I figure he means that because the old place used to have a load of Soviet-realist film posters on the walls, this could be construed to mean that the previous owners were Soviet-realists themselves. In a limited field of experience, this could be interpreted as being of the communist persuasion. But it's fine. We kinda figure that he means that the old Question Mark used to have somewhat of a Bohemian slant.

Jacqui orders the oxtail with veggies. It arrives in a small potjie, and smells delicious. I've ordered the bacon and avo burger, "Welllllllll-done," I tell the waitress, "with no fat on the bacon, and please toast the insides of the bun."

"Is jy eintlik Afrikaans?" she asks.

"No," I say, "I'm English."

"Oh," she says, "you speak with an Afrikaans accent, so I thought you were actually Afrikaans."

"I had an Afrikaans girlfriend," I tell her. And in fact, that's why Jacqui and I are at the Question Mark. We're catching a bite to eat before heading across the road to Tokyo Star for Antoinette's welcome-home party. She's been in New York for several months working on her masters degree and being with her new husband, a writer and filmmaker.

But frankly, I'm baffled. Many people ask me if I'm British, and I'm not aware of having any serious Afrikaans in my vocal makeup. In fact, one of Antoinette's favourite laughs was to ask me to say the word 'strikkie' whenever her other Afrikaans friends were around. And while my spoken Afrikaans is pretty damn good for a scurrilous half-Jew like myself, my mouth just cannot bend around the rolled-R coming after the ST. Yeesh. Hilarity ensues whenever I try that. (But just try getting Antoinette to say the Yiddish word, 'Schmooze'. We'll see who's laughing then.)

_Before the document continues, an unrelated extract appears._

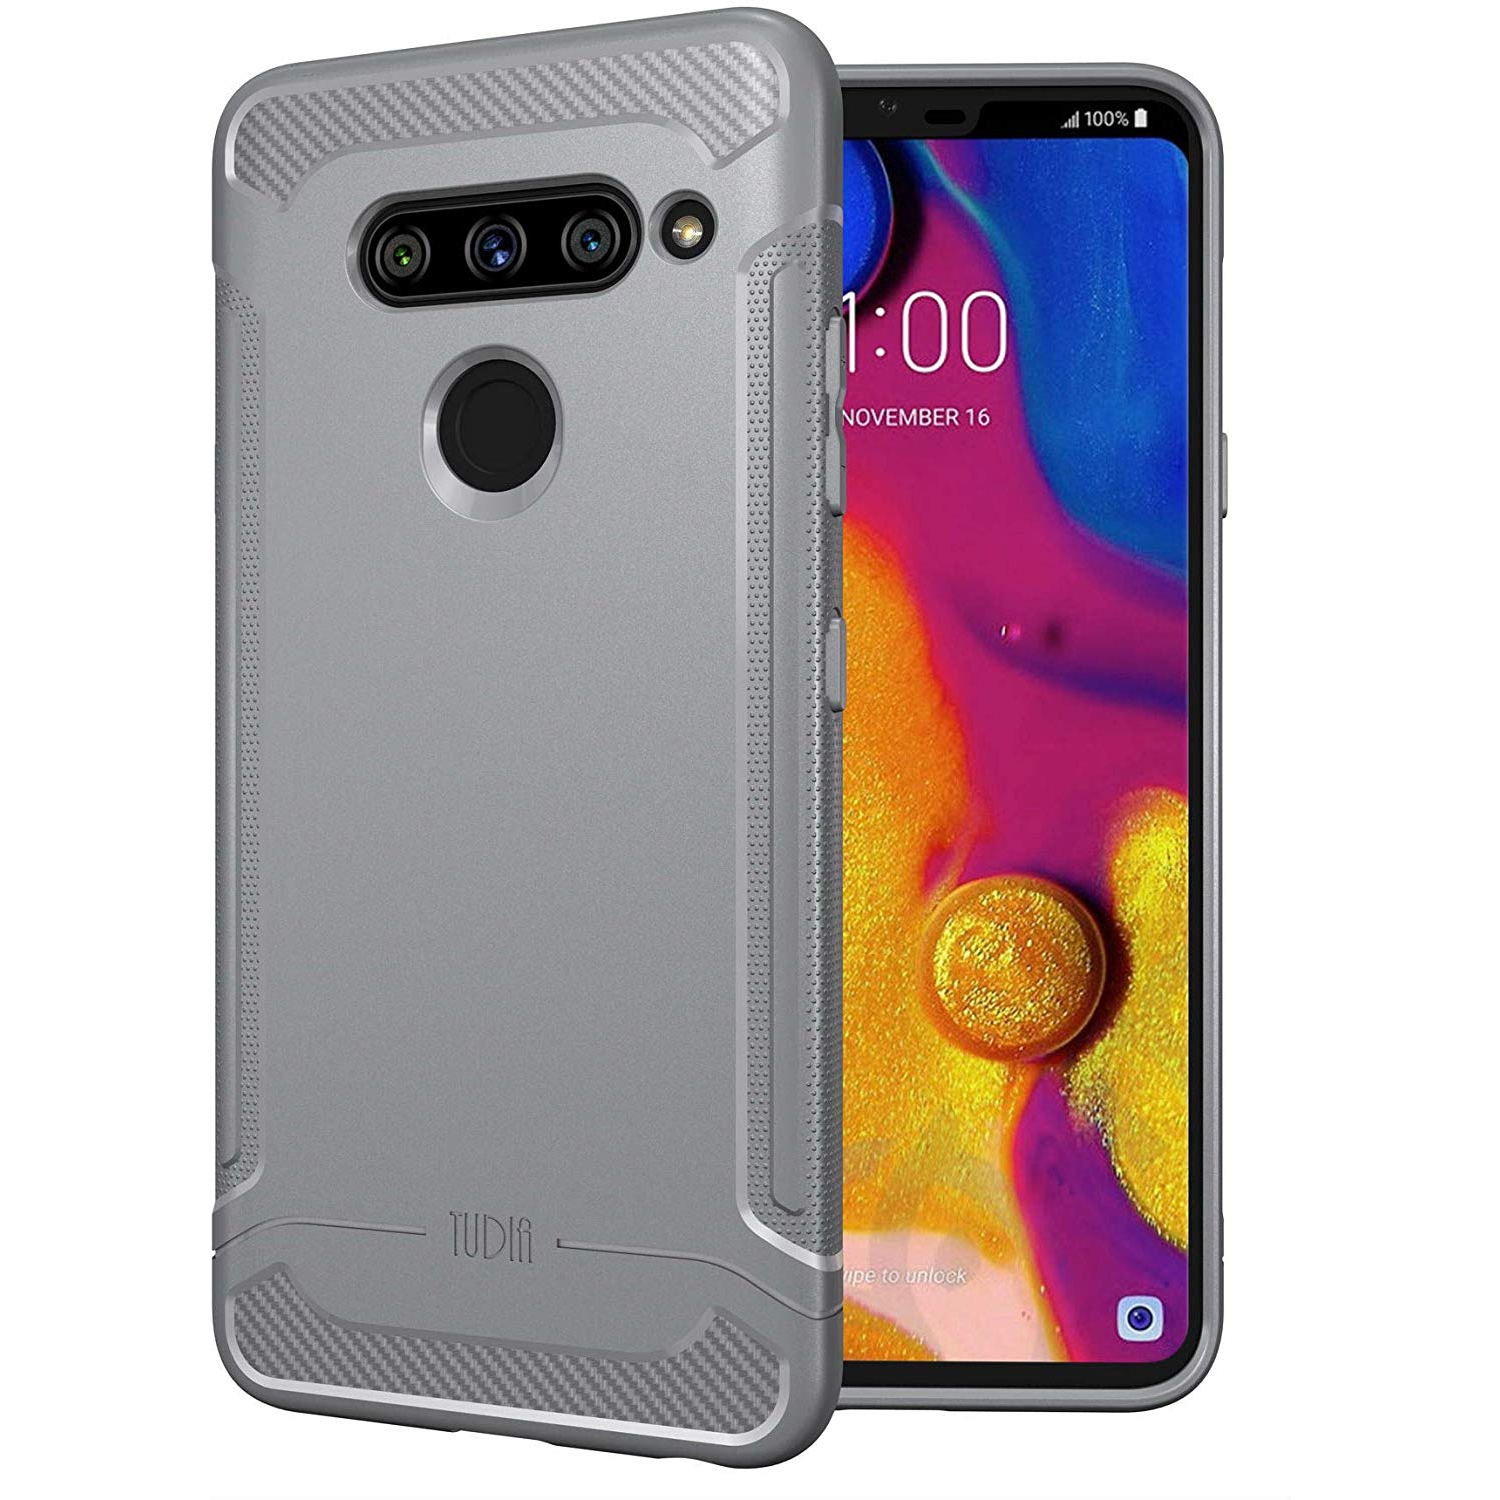 TUDIA Ultra Slim Lightweight [Linn] TPU Bumper Shock Absorption with Clicky Buttons Cover LG V40 ThinQ (Gray)
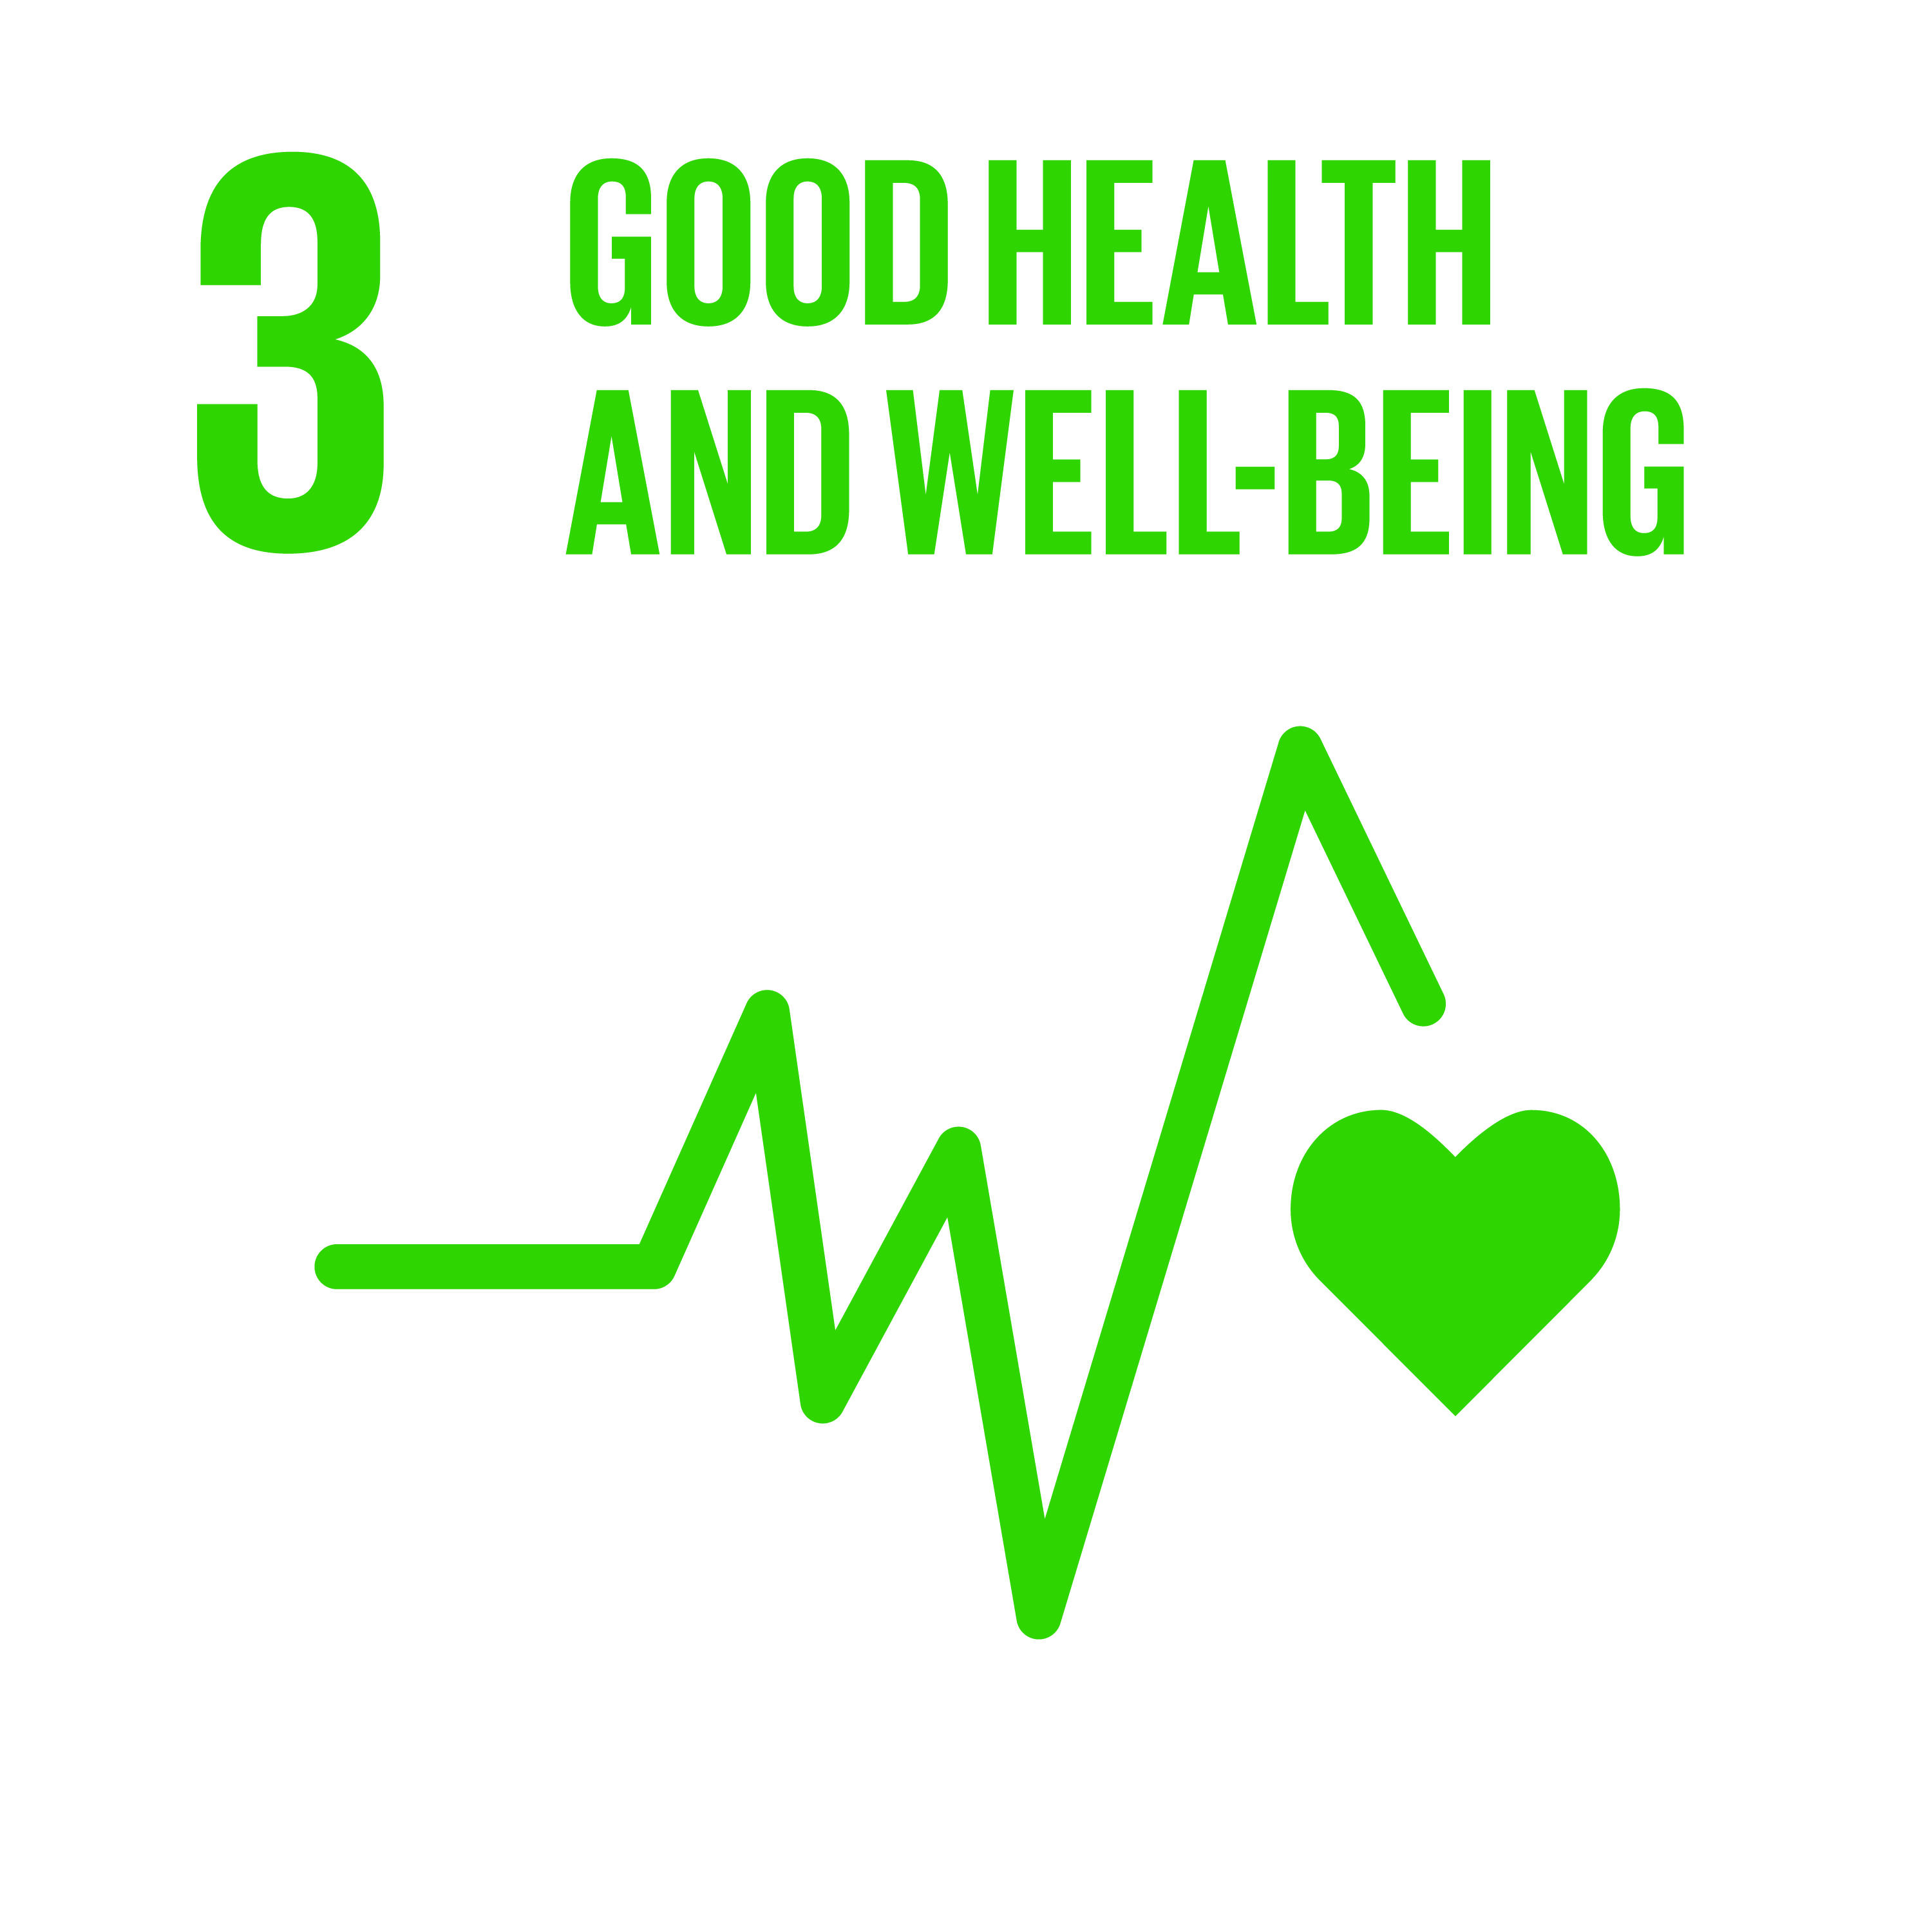 Sustainable development goals: Good health and well-being

My burger arrives just after Jacqui's dish, and I wish I'd ordered hers instead of mine. But the burger's great.

"Would you like a taste?" she asks. I nod, and she assembles an assortment of the veggies and some of the tenderest oxtail I've seen trembling off a bone. The gravy smells divine. She prods the fork into my mouth. And it's delicious.

"Everything all right?" says an older gay-looking man of the straight-looking, straight-acting variety.

"This oxtail is worth coming here for," I say.

"Thank you!" he says. "We're rather famous for it nowadays. I'm Ivan, the owner." He goes on to tell us that he bought the Question Mark in September, and got back from Malaysia, where he owns a factory manufacturing hand-drying machines, to find that the managers he'd installed had run the place into the ground. They'd gone so far as to steal plates of food to get enough money for their next drug fix.

"I love the art," says Jacqui. Which gets us a guided tour around the gallery, and an invitation to the next drag show on Wednesday.

"A very classy act," says Ivan. "And your R120 includes dinner and the show."